In 1792, American Congress passed the country's first coinage act. This meant that the United States Mint was officially responsible for creating coins for public use. Thomas Jefferson and Benjamin Franklin were two of the men who contributed research and ideas towards the early versions of the coins. The Treasury Seal that was developed actually remained quite the same even until today.
Dollar Coin History
Today the word "dollar" is synonymous with American currency, but did you know that it is actually derived from a medieval European coin? When masses of Dutch settlers moved over to the New World, they brought the concept of leeuwendalers, a Dutch coin, with them.The idea of US coinage by way of a dollar coin was developed to discourage people from trading with other foreign currencies. When U.S. coins were introduced, there was a transitional period of a few years before foreign coins were officially not recognized as legal tender any more. However, in the beginning the U.S. was experiencing a shortage of silver and gold; both vital for coin production at the time. To get around this, the government declared that Spanish coins would indefinitely be legally recognized even though it was a foreign currency. By the mid-1800s, the Californian Gold Rush produced a sudden influx of gold, thus allowing the Spanish coin exception to be revoked.
The Sacagawea dollar coin was released by the U.S. Mint to commemorate a native woman by the same name. Sacagawea history is popular since she joined Lewis and Clark on their expedition as their guide. Together they explored massive amounts of unknown territory in the Western States. In those days, and to some extent even by today's standards, it is a very impressive feat. The journey was difficult and dangerous; at some point the group even resorted to consuming tallow candles when they lacked sufficient food. Pomp, the baby that appears on Sacagawea's back, was the child that she had with her French husband, Toussaint Charbonneau. Sacagawea became so well known that she was later honored with statues in many different areas.

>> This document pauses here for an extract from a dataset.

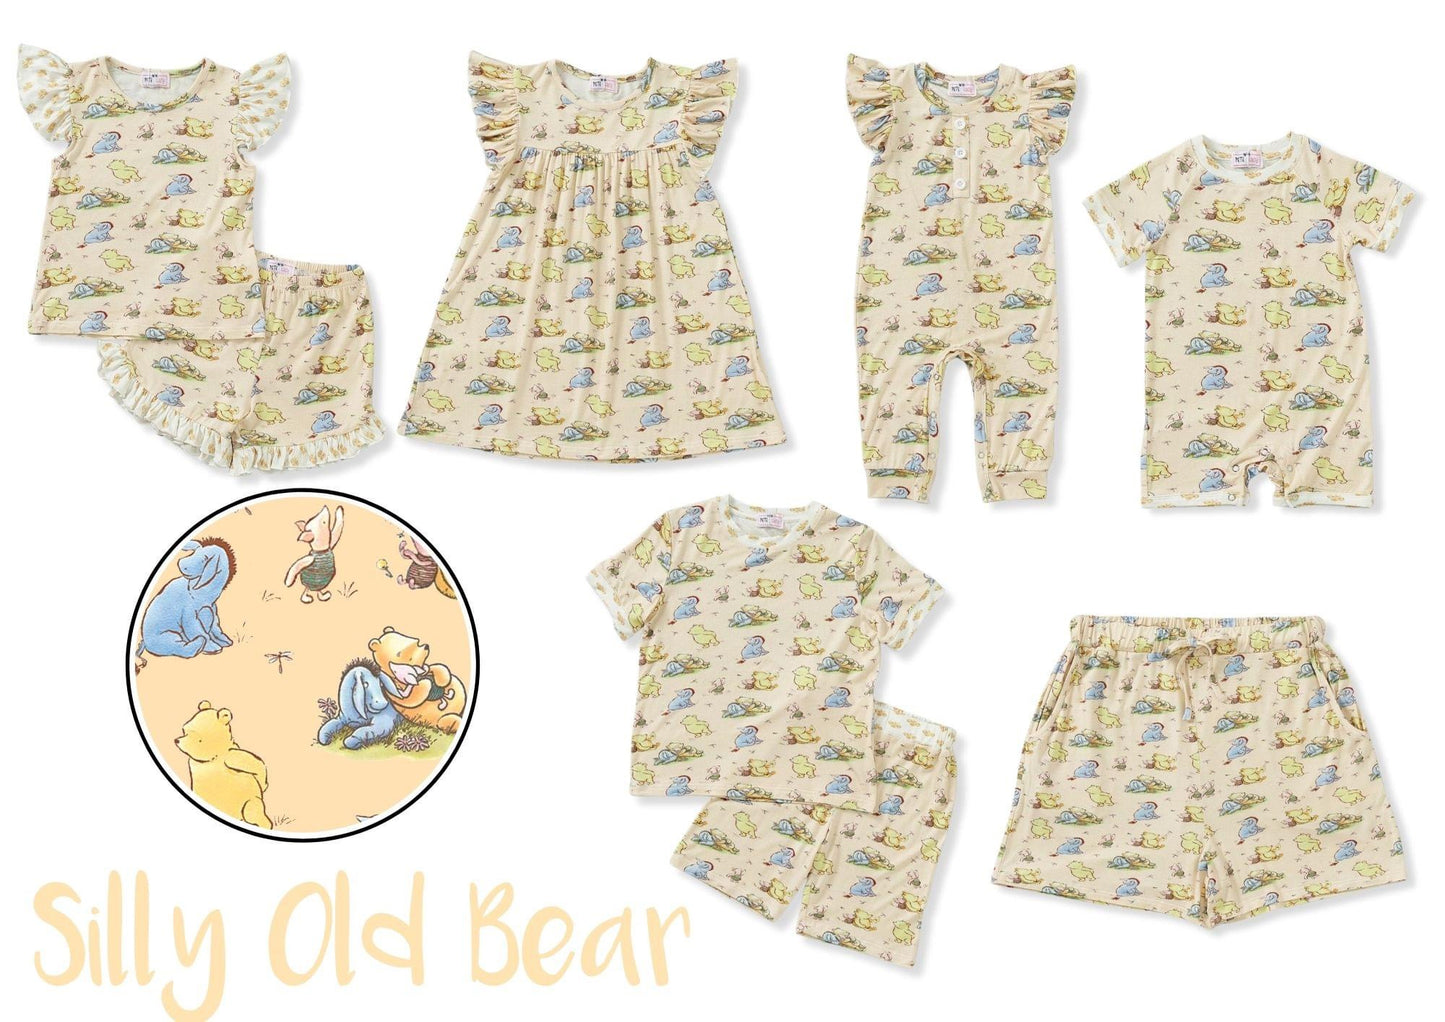 (Preorder) Silly Old Bear Loungewear Dress by Pete + Lucy

The Sacagawea history coin named after her is a gold colored coin released intermittently between 2000 to the present.
Evolution of Coins Today
During the 1950s, a new act was issued to modify the metallic content of the coins. Since there was a shortage of silver, the new Coin Act allowed some coins, such as dimes and quarters, to be produced without any silver at all. Instead it was replaced by alloys made up of metals including manganese, copper, and nickel. Today in the U.S., the Mint issues new coins fairly regularly. Occasionally special coins are issued as a commemorative or collector's item. Some excellent examples are coins that feature past U.S. presidents. Even though they are legal tender, they are not specifically meant for casual use. Coin collecting is a major hobby in the United States and abroad. Many people enjoy collecting, cataloging, and studying historic American coins.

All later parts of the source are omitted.